A similar recursive definition happens with values. Take the value 3. What type is it? Well, a 3 can’t be more than 3 or less than 3, so it’s bounds are 3 and 3. i.e. int[3, 3]. More generally, x :: int[x, x] for all x :: int[-∞, ∞]. This gives us one type for each value – as such, what is the difference between the value 3 and the once-inhabited type int[3, 3]? What really is the difference between a type and a value?

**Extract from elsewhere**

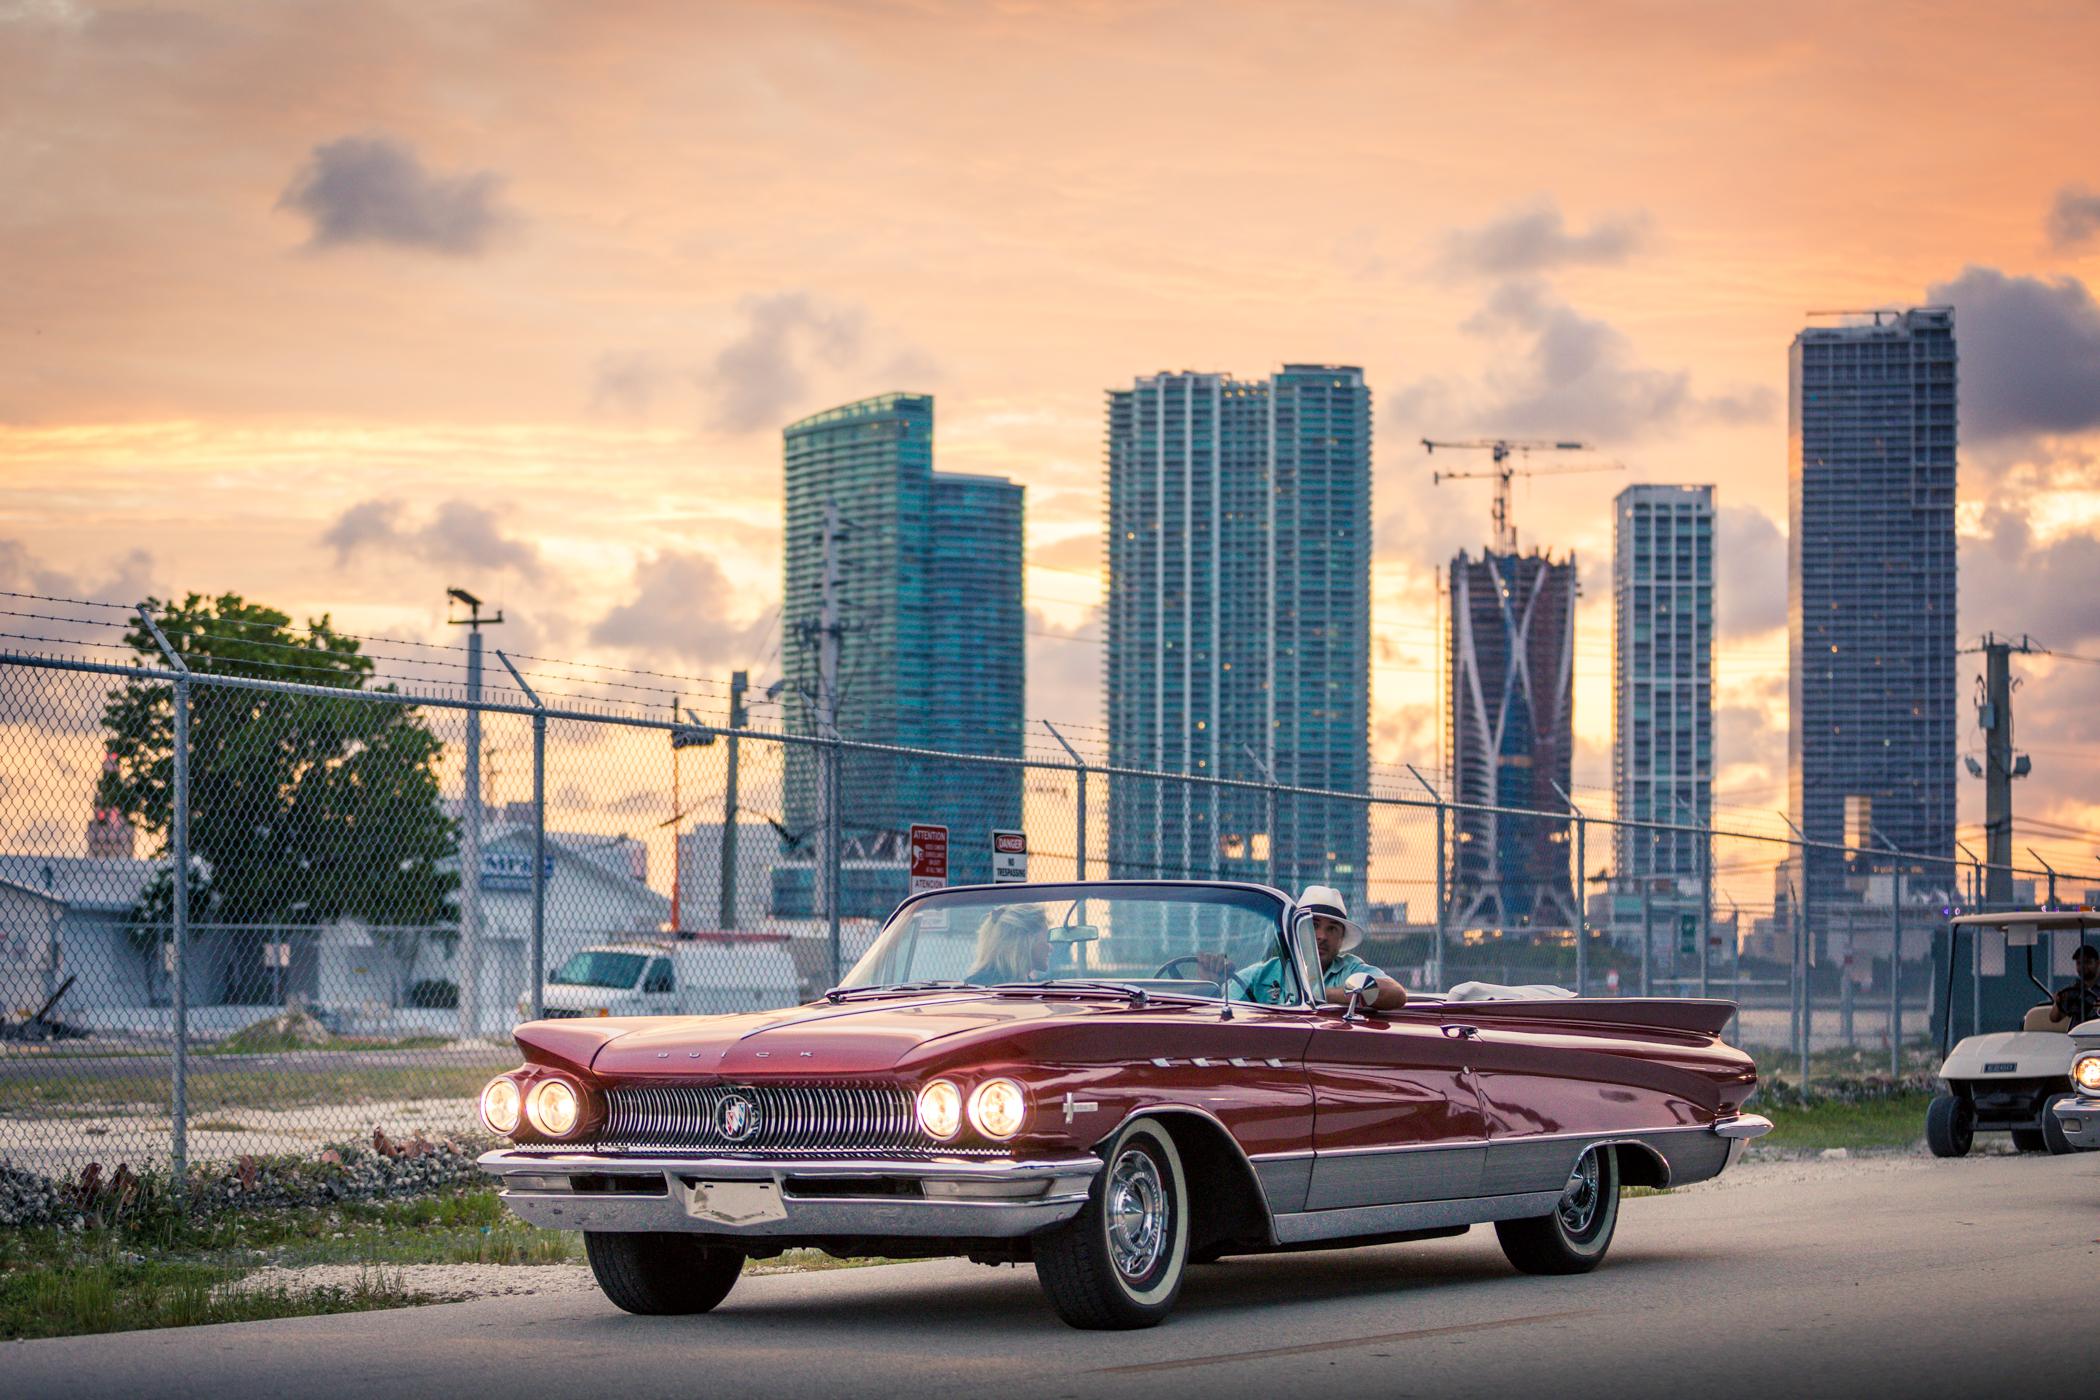 Miami Rent A Car >> Classic Car Collection - American Dream Tour Miami
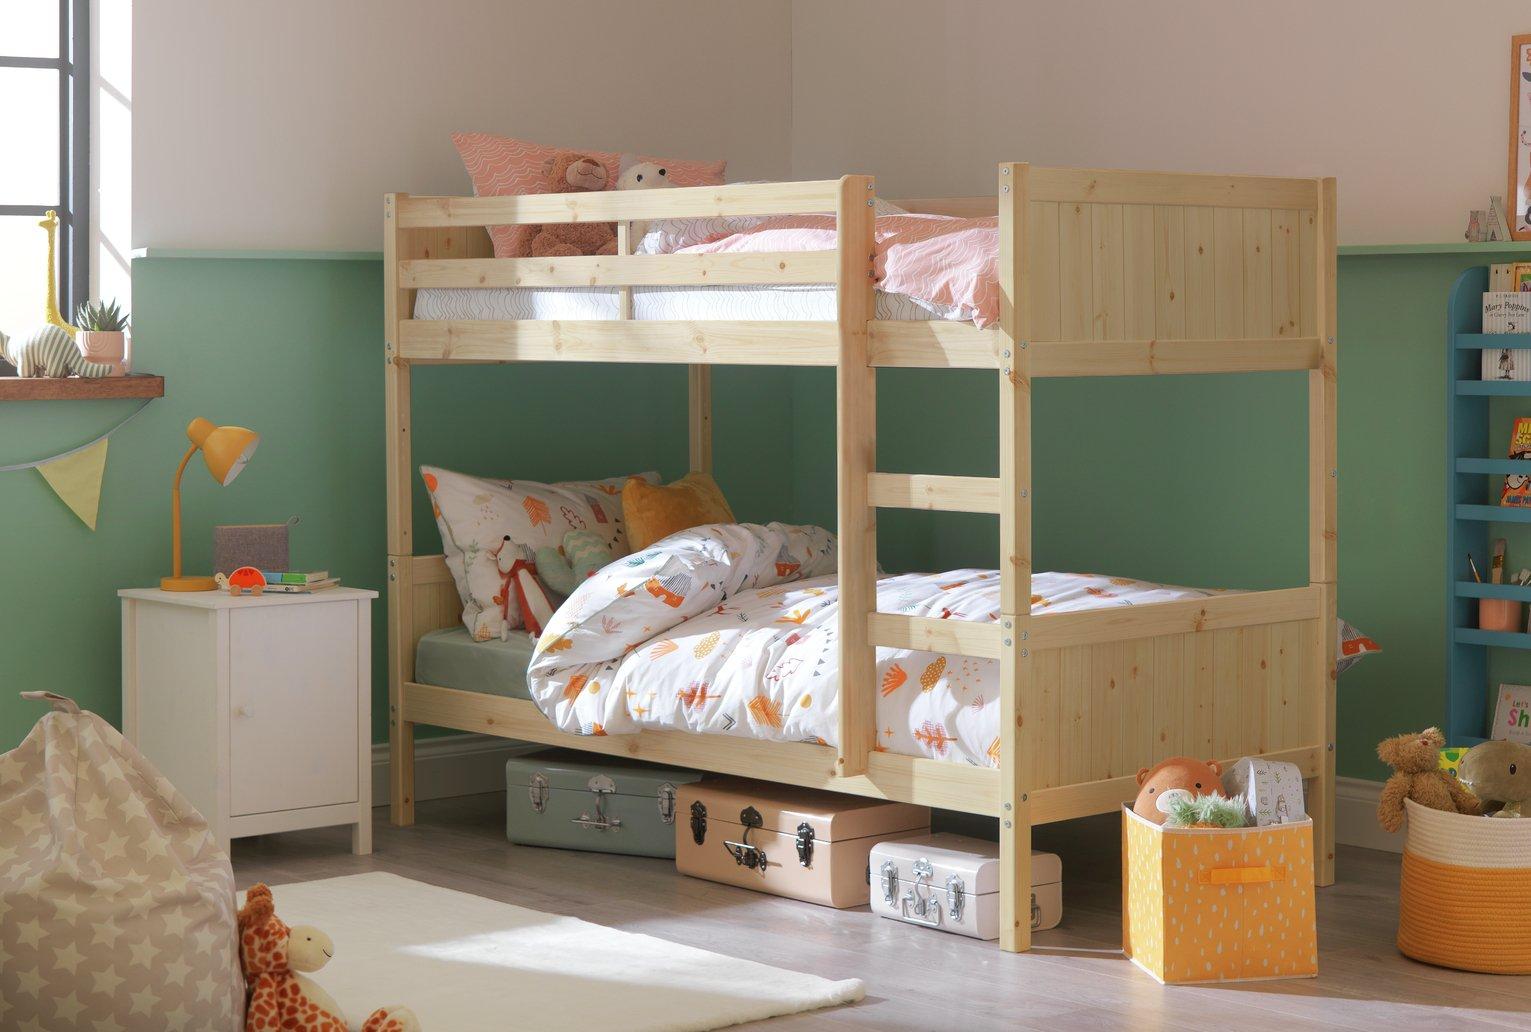 Argos Home Detachable Bunk Bed Frame - Pine

I can imagine a type system whereby types and values are completely unified, rather than distinct concepts.
Anyway, let’s look at a practical example. Take the expression 3 + 4. Adding type annotations:
3 :: int[3, 3] + 4 :: int[4, 4]
and it would evaluate to 7 :: int[7, 7]
but, I could also say: z :: int[0, 256] = 3 + 4, because int[0, 256] is a supertype of int[7, 7]
So, if we type-alias, say, smallint = int[0, 256], I can say: z :: smallint = 3 + 4. This is looking more like normal code. Now, if java did this, then int x = Integer.MAX_VALUE + Integer.MAX_VALUE wouldn’t type-check, but long x = Integer.MAX_VALUE + Integer.MAX_VALUE would.
Ahhhhhhhhhhhhhhhhhhh. Sigh of relief. That’s so much better!
But, what happens if I need to narrow a type? Say, I have an integer from user input, which could be anything, but I need to store it in, say, an int[0, 256]? Yawn. It’s just validation, and we just need a function like this:
narrow :: int[a1, b1] -> Maybe int[a2, b2]
This all seems a lot for just avoiding integer overflows, but it has potential to prevent bugs, and this is just the tip of the iceberg for dependent types.